Quase tudo ficou igualzinho

Quase tudo ficou igualzinho

Estávamos brincando dentro de casa. Ou no quintal do prédio com os amigos. Ou assistindo televisão. Não lembro. Só me lembro de quando fomos chamados ao quarto dos meus pais. Os dois estavam lá, meio sentados, meio deitados sobre a cama. Tinha um vão entre os dois. Fazia tempo que tinha esse vão entre os dois.

Subimos na cama, eu e meus dois irmãos, com dificuldade. A cama era grande demais. Tínhamos entre seis e sete anos, a idade que tudo é maior do que é. Ficamos no vão. Não me lembro de que lado fiquei, se do pai ou da mãe. Acho que no meio. 

A conversa começou tranquila. A mãe que mais falava. Contou uma história sobre amor e família. Foi falando assim, devagarinho, como uma mãe vai ensinando coisinhas aos filhos. Era uma conversa diferente. Os dois estavam mais calados que o normal, falando baixo um com o outro. Não era o que a gente conhecia… As brigas, os gritos.

Quando falaram em separação, choramos. Criança chora demais. E a gente chorou um tempão. Eles nos abraçavam e choravam também. Acho que o pai chorava mais que a mãe. A mãe se controlava, era forte. O pai era mais emotivo. Chorava e tentava falar, mas não conseguia. 

Depois o pai se levantou, se despediu e começou a sair.

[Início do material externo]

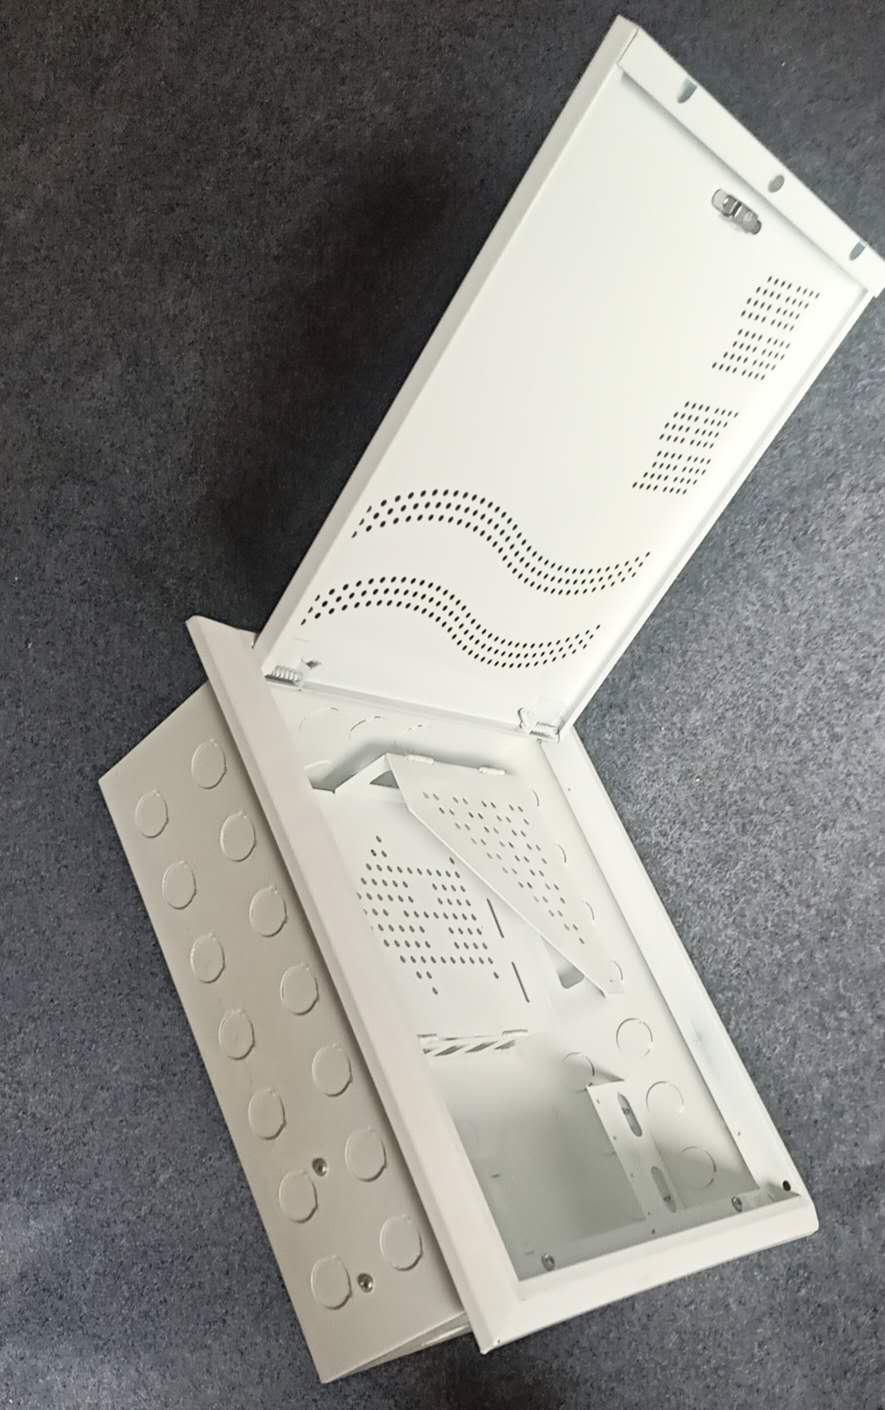 陕西联电UETX厂家直销光纤入户信息箱
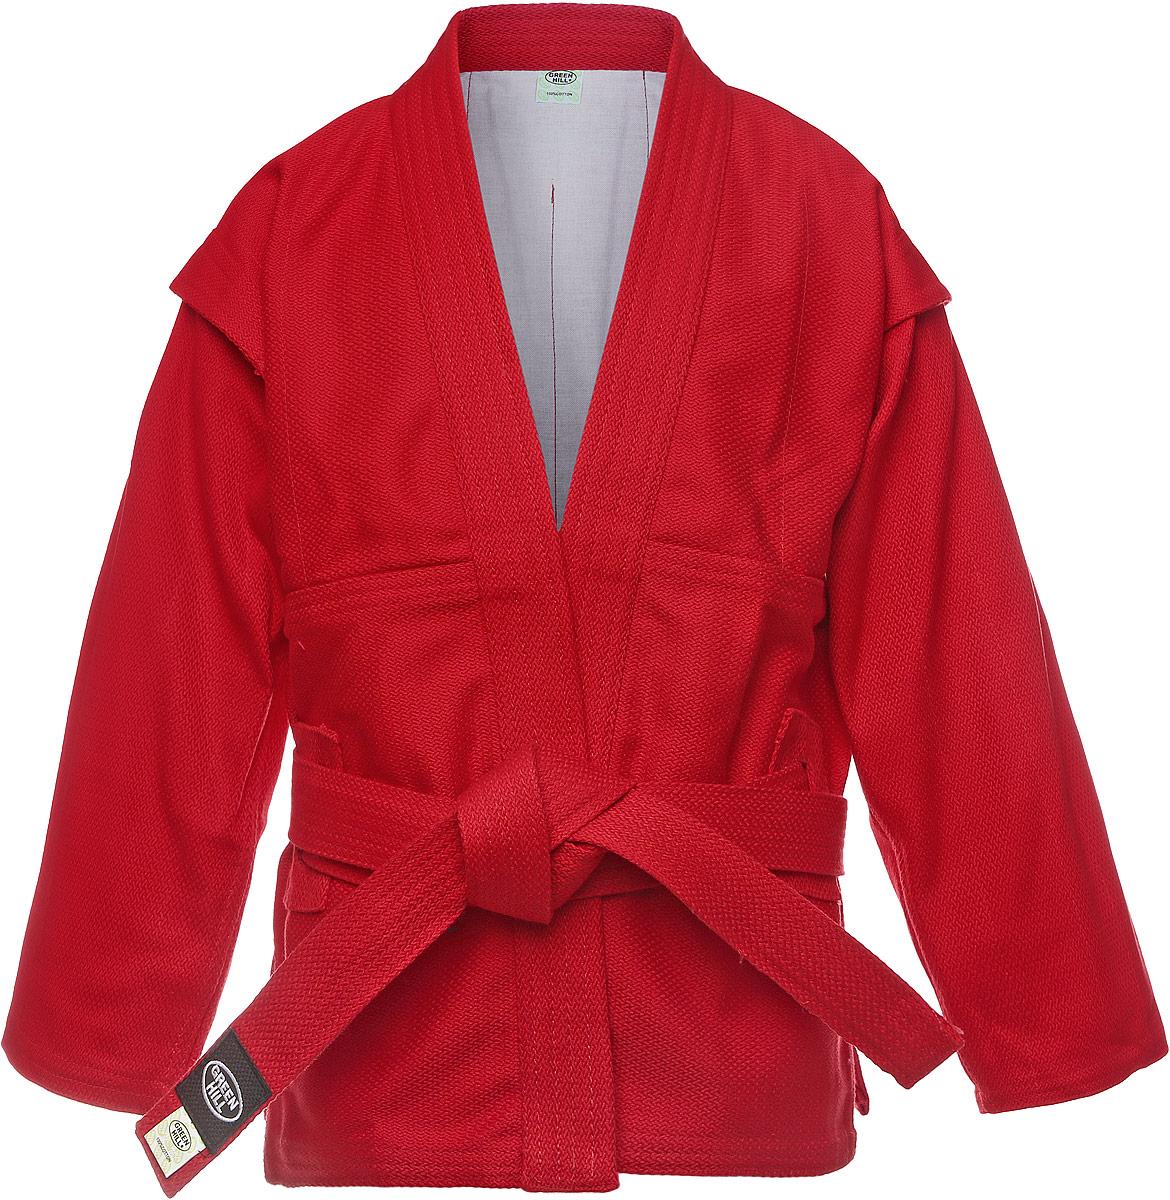 Кимоно для самбоSC-2002Куртка для занятий самбо Green Hill выполнена из 100% хлопка. Просторная куртка с глубоким запахом и боковыми разрезами. Модель дополнена плотным поясом с многорядной прострочкой. Боковые швы и края укреплены дополнительными строчками.

A mãe ficou com a gente e o pai foi saindo assim, meio chorando, meio saindo sem querer sair. Quando ele fechou a porta do apartamento, a gente correu para as janelas. Eu subi no sofá, que ficava escorado na parede, pra ver o pai quando passasse. Fiquei de joelhos sobre o encosto, com o corpo pendurado nas grades que protegiam todas as aberturas da casa. Morávamos no térreo.

Logo o pai apareceu do lado de fora, subindo as escadas que davam para a rua. Nosso apartamento ficava numa baixada. Era um prédio pequeno, mas para alcançar a rua tinha que subir as escadas de fora. Chorávamos e gritávamos pra ele voltar. O pai mal olhava para trás. E a gente gritava, cada um de uma janela. E quanto mais a gente gritava, mais o pai chorava.

Antes de sumir lá do alto da rua, ele parou no topo da escada e nos olhou, como se quisesse voltar, como se quisesse recomeçar tudo. Mas parecia que não podia. Aquele já era o recomeço. 

Quando o pai foi embora, ficou essa coisa esquisita que doía na gente. A mãe tentava nos acalmar dizendo que tudo ia ficar igualzinho. O pai tinha falado isso na cama, que tudo ia ficar igualzinho. Que ele viria nos ver todos os dias. Mas a gente ainda não sabia como isso ia ser. A gente só sabia que ele tinha ido embora.

Foi um dia difícil. Para todos. Dormimos e, como sempre fazíamos, no outro dia fomos para a casa do vô. Estávamos brincando no quintal, ou fazendo nossa tarefa, ou chorando, não lembro. A campainha da casa do vô tocou. A vó nos chamou lá de fora. Era o pai. Tinha ido nos ver. Era o primeiro dia que ele ia nos ver, como ele disse. E a gente correu lá pra rua. O pai não queria entrar. Ficamos sentados na calçada com ele, conversando sobre o nosso amor. E sobre ele não conseguir viver sem a gente. Foi o que ele disse e que nos acalmou. Que não conseguiria viver sem a gente. 

E quase tudo ficou igualzinho, com o pai e a mãe nos amando. Cada um do seu canto. E a gente no meio, no vão que ficou entre os dois.